Let $x_1,\cdots, x_n$ be a sequence of elements of $R$. We denote by $[x_1,\cdots,x_n]$ the $\mathbb{Z}$-submodule of $R$ generated by $x_1,\cdots, x_n$.

Let $I$ be a non-zero ideal of $R$. I am interested in a decomposition of $I$ into a product of ideals. By this question, there exist unique rational integers $a, b, c$ such that $I = [a, b + c\omega], a \gt 0, c \gt 0, 0 \le b \lt a, a \equiv 0$ (mod $c$), $b \equiv 0$ (mod $c$). If $c = 1$, we say $I$ is a primitive ideal. Let $a = ca'$, $b = cb'$. Then $I = cJ$, where $J = [a', b' + \omega]$. Clearly $J$ is a primitive ideal. So the decomposition problem can be reduced to the case when $I$ is primitive.

Let $\frak{f}$ $= \{x \in R | x\mathcal{O}_K \subset R\}$. Let $I$ be an ideal of $R$. If $I + \mathfrak{f} = R$, we call $I$ regular.

My Question Is the following proposition correct? If yes, how do you prove it?

Proposition Let $I = [a, r + \omega]$ be a primitive regular ideal of $R$, where $a \gt 0$ and $r$ are rational integers. Suppose $a = gh, g \gt 0, h \gt 0$ Then $J_1 = [g, r + \omega], J_2 = [h, r + \omega]$ are primitive regular ideals and $I = J_1J_2$.

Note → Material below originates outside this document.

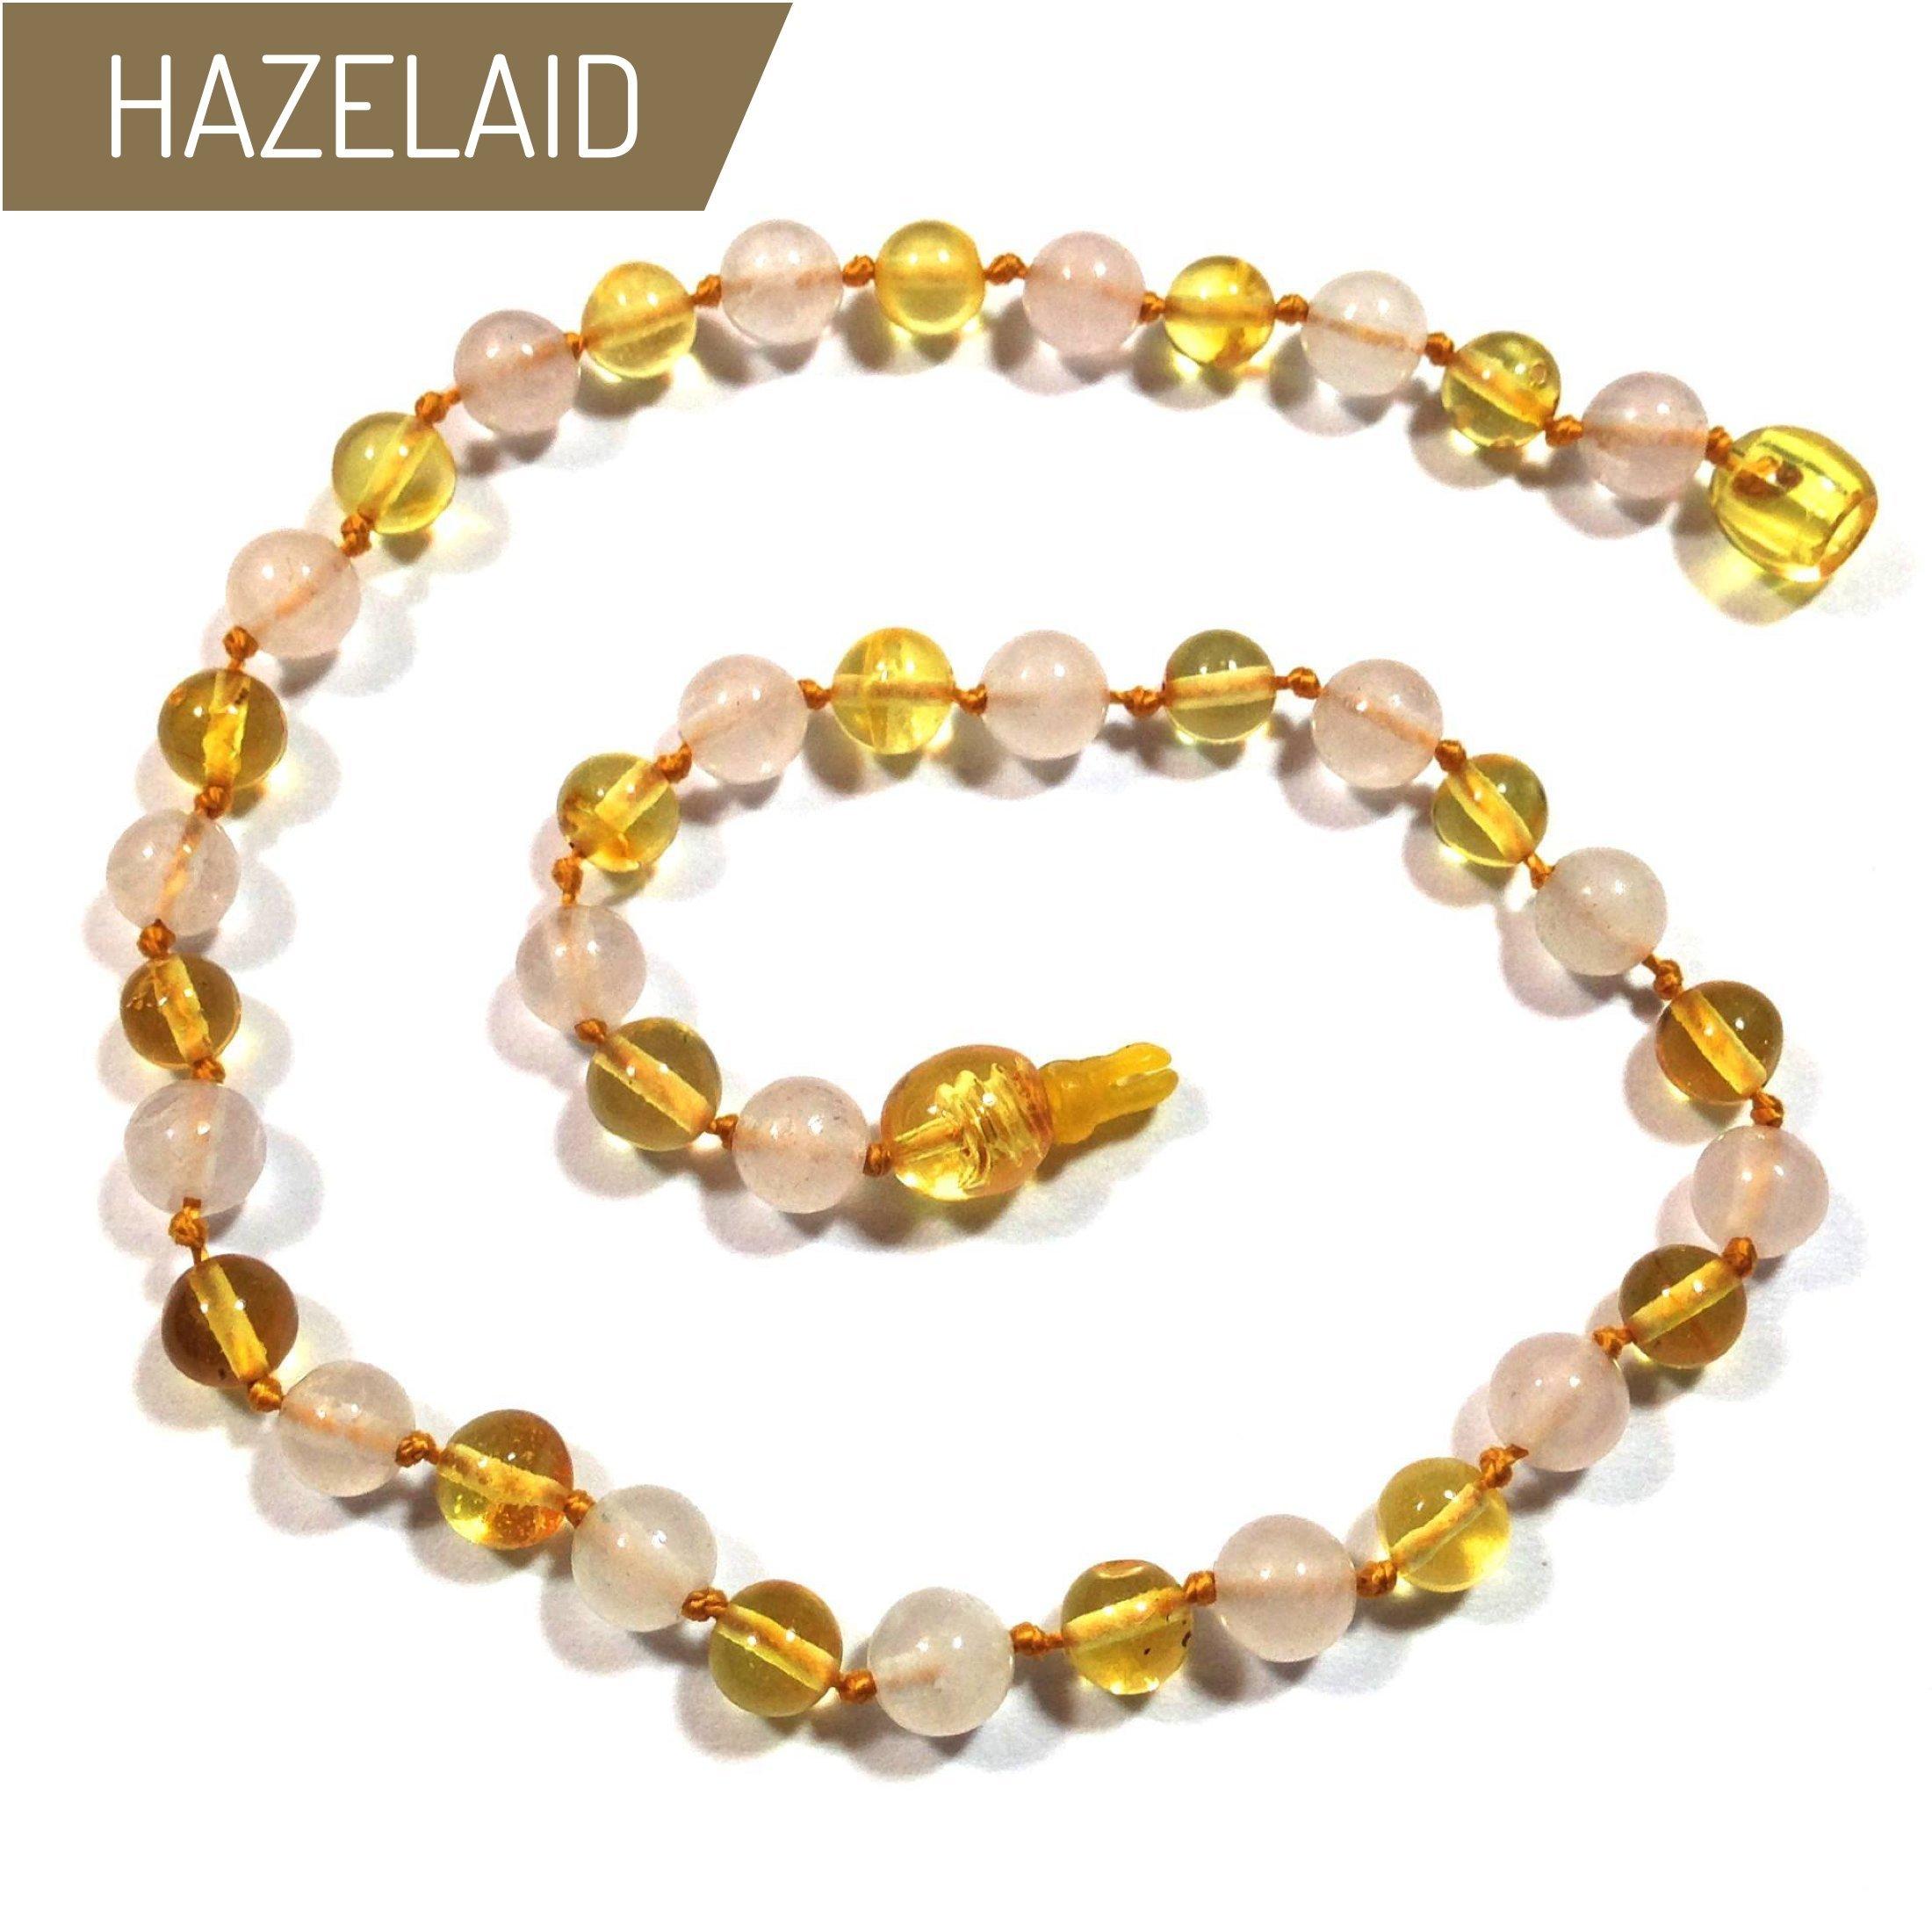 Hazelaid (TM) 14'' Pop-Clasp Baltic Amber & Gemstone: Lemon & Rose Quartz

Remark I am not 100% sure of the correctness of the proposition, though I think it is likely to be true(see my method below). I would like to know if the proposition is correct. I also would like to know other proofs based on different ideas if the proposition is correct. I welcome you to provide as many different proofs of the result as possible. Please provide full proofs which can be understood by people who have basic knowledge of introductory algebraic number theory.

My method Use the results of this question and this question.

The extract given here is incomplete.